Так Мария Васильевна стала уникальным специалистом – не просто сиделкой, а человеком, который скрашивает последние дни, недели, месяцы жизни. Ее верная медсестра Люся, которая просидела с ней в кабинете многие годы и уволилась в тот же день, когда Мария Васильевна ушла на пенсию, стала идеальной сиделкой. Они опять работали в паре. Сарафанное радио сделало свое дело – репутация у Марии Васильевны и Люси была безупречная. Их знал весь район. Мария Васильевна радовалась, что нужна, что ее ждут, что звонят и просят приехать. Ей становилось хорошо на душе, когда она знала – ее подопечные уходят в иной мир без боли, без страданий, в чистоте, на свежих простынях. К собственному удивлению, она обнаружила, что стала прилично зарабатывать, намного больше, чем получала в поликлинике на полутора ставках. И это тоже оказалось удивительно приятно – она тратила деньги на подарки внукам, на милые безделушки, которые дарила подопечным. На себя она так и не научилась тратить. На еду тоже. В одну из зим купила себе модную обувь, угги, и была просто счастлива. Бегала в них, как в тапочках, и радовалась: прогресс не стоит на месте, жизнь изменилась – есть удобная обувь, есть хорошие шприцы, в любой аптеке, доступны специальные кремы от пролежней, да чего только нет! А уж какие матрасы появились! Ортопедические. Удобные.
– Она у меня очень независимая стала и гордая, – улыбнулась Полина, – она счастлива. Счастлива в профессии. Я думала, ей нравится быть терапевтом, а оказалось – ее призвание… достойный уход. Она это так называет. Я очень за нее рада.
– Расскажи мне про папины похороны, – попросила Лиза.

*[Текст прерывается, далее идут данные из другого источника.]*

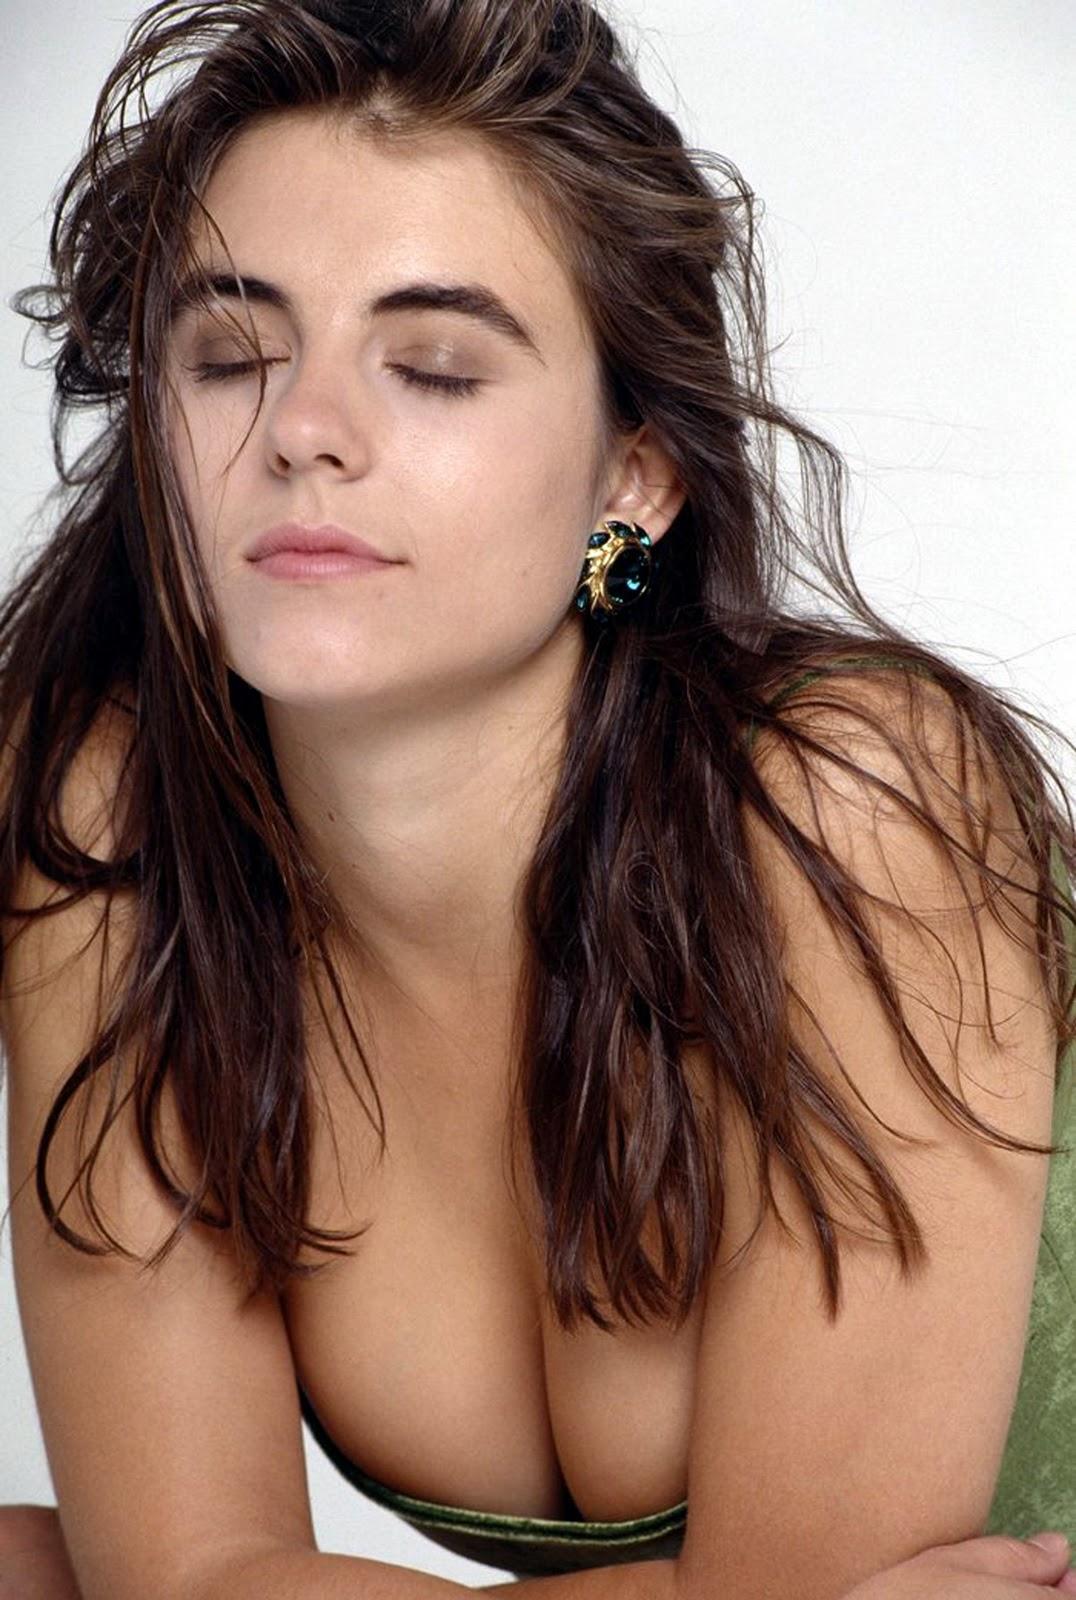 Junge Liz Hurley nackt, Junges Mädchen filmt nackten Babysitter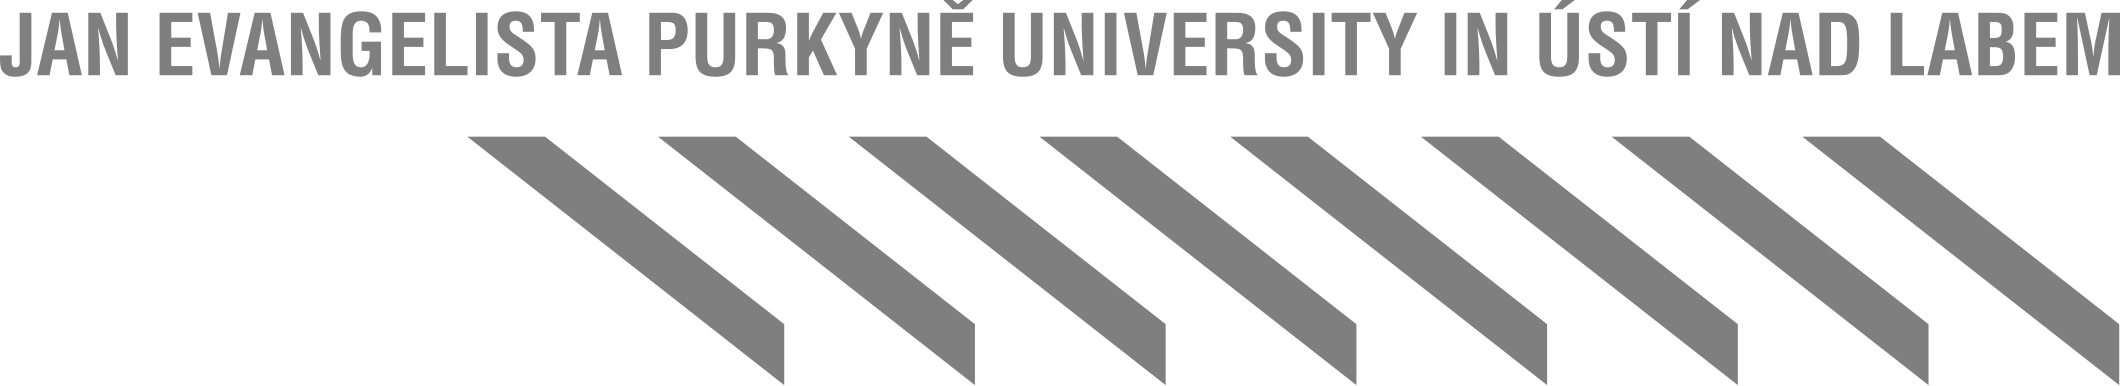 Jan Evangelista Purkyne university in Usti nad Labem

– Я же тебе сто раз рассказывала.
– Расскажи еще раз.
Лиза не попала на похороны Евгения Геннадьевича. Ей позвонила Полина и сказала, что он скончался. Лиза была в другом городе, на очередной важной конференции. Она прекрасно помнила, как собрала чемодан, поехала в аэропорт, но рейсы задерживались по погодным условиям. И Лиза вернулась на конференцию – не сидеть же в аэропорту. Полина вместе с мужем Вадимом взяли на себя всю организацию. Ольга Борисовна, равнодушная ко всему, сидела в гостиной за столом и смотрела в окно. Полина спрашивала – где лежат документы, есть ли семейное захоронение на каком-нибудь кладбище, кому нужно позвонить, чтобы сообщить о смерти, где устраивать поминки? Ольга Борисовна молчала. Наконец Полина догадалась позвонить своей маме и вызвать ее на помощь. Мария Васильевна прибежала, сделала чай, увела Ольгу Борисовну, сделала укол, велела Вадиму сбегать в магазин, а Полине – быстро сварить бульон. Всех прогнала из комнаты, накормила Ольгу Борисовну с ложечки, дала лекарство, уложила в кровать. Через полтора часа – Полина засекала по часам, опять эти полторашки, – Ольга Борисовна встала, вышла в комнату, где сидели за круглым столом Вадим, Полина и Мария Васильевна, подошла к шкафчику, достала документы, записную книжку мужа и положила на стол деньги.